Declines in age-adjusted mortality rates were used to determine the
benefit of medical advances. Although lead author Steven H. Woolf, MD,
MPH, described this as a "back-of-the-envelope calculation," he was
confident that any refinements in the data would not significantly
alter the direction of their findings.
"Policy-makers shouldn't wait around for more refined
calculations," said Dr. Woolf, executive vice president for policy
development of Partners for Prevention, a nonprofit health policy
group, and a professor and director of research at the Dept. of Family
Practice at Virginia Commonwealth University. "The actual ratio might
turn out to be 3-to-1, 4-to-1 or 6-to-1, but the bottom line is that
the public health benefits of removing disparities are more substantial
than the incremental improvements we make in treatments."
Citing his belief in the rigorous peer review process at the
American Journal of Public Health, Dr. Nelson said he was confident in
the researchers' statistical analysis.
Commission's mission defined
To do its part, the NMA/AMA-led Commission to End Health Care
Disparities will work to promote better research, clinical services,
medical work-force diversity and awareness of disparity issues, said
Arthur B. Elster, MD, the AMA's director of medicine and public health.
"Many physicians still view health care disparities as a
socioeconomic issue," Dr. Elster said. "But even if you account for
socioeconomic factors, the disparities persist."

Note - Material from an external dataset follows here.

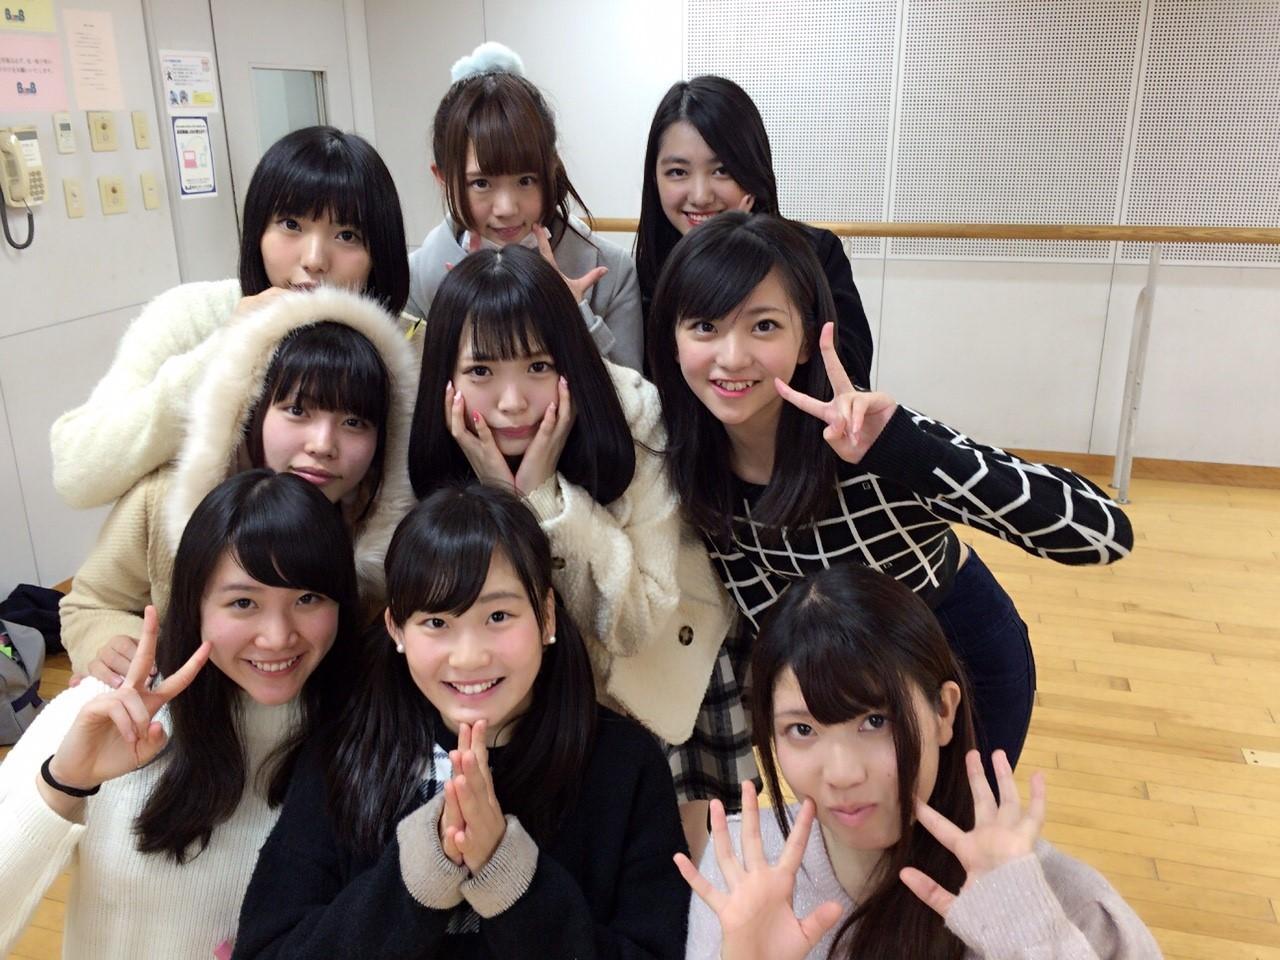 アイドルグループ・ドリィムアビリティのメンバー

Dr. Satcher noted the important part primary care physicians play in efforts to reduce disparities.
"Primary care physicians have a major role to play because we're on
the front lines and we have to make sure that patients -- regardless of
race and ethnicity -- get quality care," Dr. Satcher said.
It's estimated that the pharmaceutical industry spends an average
of $800 million on developing new drugs, Dr. Woolf noted, and the
National Institutes of Health has an annual budget of almost $28
billion to carry out its mission "to acquire new knowledge to help
prevent, detect, diagnose, and treat disease and disability." In
comparison, the agency which investigates health care disparities --
the Agency for Healthcare Research & Quality -- gets about $319
million.
"What our research is suggesting is that this is not going to
produce the best health outcomes and that we would save many more lives
by adjusting our priorities," he said.